Having conversations with top brokers really drives home the amount of change the industry is going through. The combination of a sweeping federal health reform, uncertainty about future regulation, new technology, and rapidly evolving consumer expectations can make one dizzy.
But there’s no doubt that change is needed, says Tim Doherty, president and founder of Pinnacle HR Solutions. Doherty and his firm went back to square one in thinking about their roles and how to be more effective in today’s market
“We spent a lot of time reimagining the role of the broker and what the marketplace needed,” he says. “We looked at everything; what we believed in, how we behaved.

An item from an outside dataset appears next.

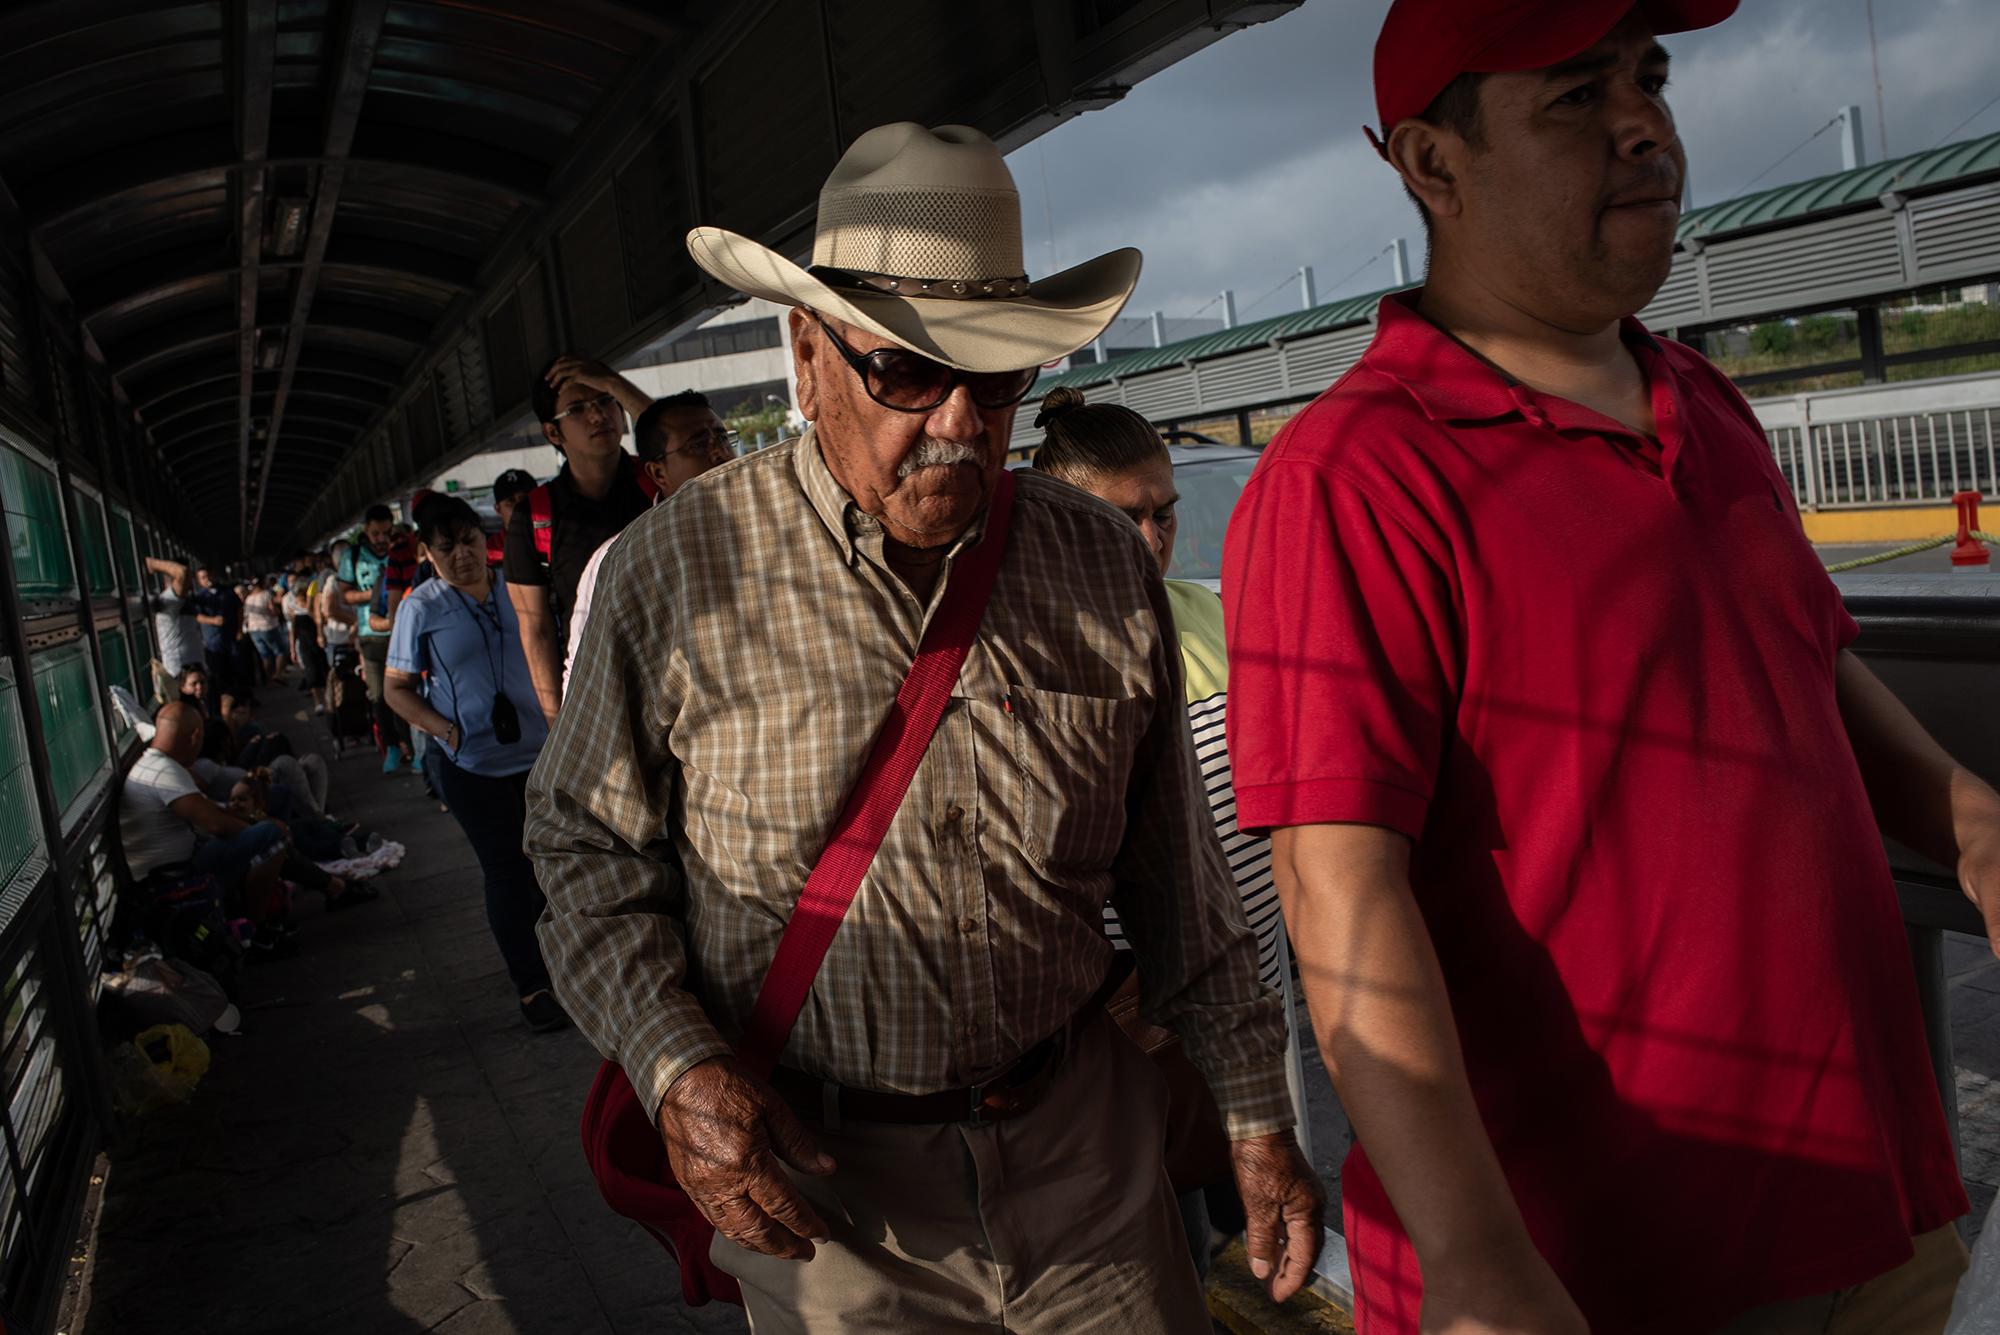 General view at Laredo / Nuevo Laredo International Bridge. June 25th, 2018. Photographer: Luján Agusti.

We came up with a phrase, ‘We’re changing the conversation.’”
Doherty and his firm didn’t want to fall into the cliché of a typical insurance agency. They see themselves as advisors, and to be effective, they also look for employers that fit their style.
“We want to find clients that are sophisticated, innovative, smart, fun to work with—we let those attitudes guide the work that we do.”

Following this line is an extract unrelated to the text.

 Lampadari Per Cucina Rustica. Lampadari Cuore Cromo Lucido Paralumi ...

Like many top industry innovators, Pinnacle is willing to learn from the experiences and ideas of other movers and shakers in the industry. Groups like Health Rosetta, Q4i, and the Self Insurance Institute of America are all industry innovators that Doherty and his team have worked with.
Data, says Doherty, is key to helping companies control costs.
“When I go in and meet with a CFO, they’re making data-driven decisions every day in every part of their business—except for benefits.”
Too often, employers feel they don’t have the health insurance data they need. “They don’t know what the big cost drivers are,” Doherty says. “We try to convince them the mousetrap they know, the fully-insured plan, doesn’t work. It’s not meant to reward the employer—it’s meant to reward the broker and the carrier.”
The solution, he says, is taking a big-picture look at how a benefit program can be managed to control costs over the long term. Instead of thinking from open enrollment to open enrollment, Doherty’s team talks about setting a strategy. “We tell them, ‘Stop making 12-month, incremental decisions. This has to be a multi-year strategy.”
Pinnacle works with third-party administrators to access data for the employers they partner with in providing insurance benefits. The firm manages data using analytics tools.
“The analytics allow us to mine the data and tell us where the opportunities to reduce cost are,” Doherty says. “In a typical group, you might only have three to five members driving the cost; if you can find a way to mitigate some of that by leveraging the data, you can reduce cost in a health insurance plan 15 percent to 20 percent.”
Even with all the change facing the health insurance industry, Doherty says there will always be a place for strategic, forward-thinking advisors. He cites the speculation around Amazon’s possible entry into the insurance market. “When you think about the revenue that flows through the industry, there’s a huge opportunity for those who want to disrupt. So to survive, we need to be able to adapt.
“If we were still doing things today like we were doing ten years ago we’d be out business,” he adds. “You always have to be able to learn, collaborate with peers, and make changes when you have to.”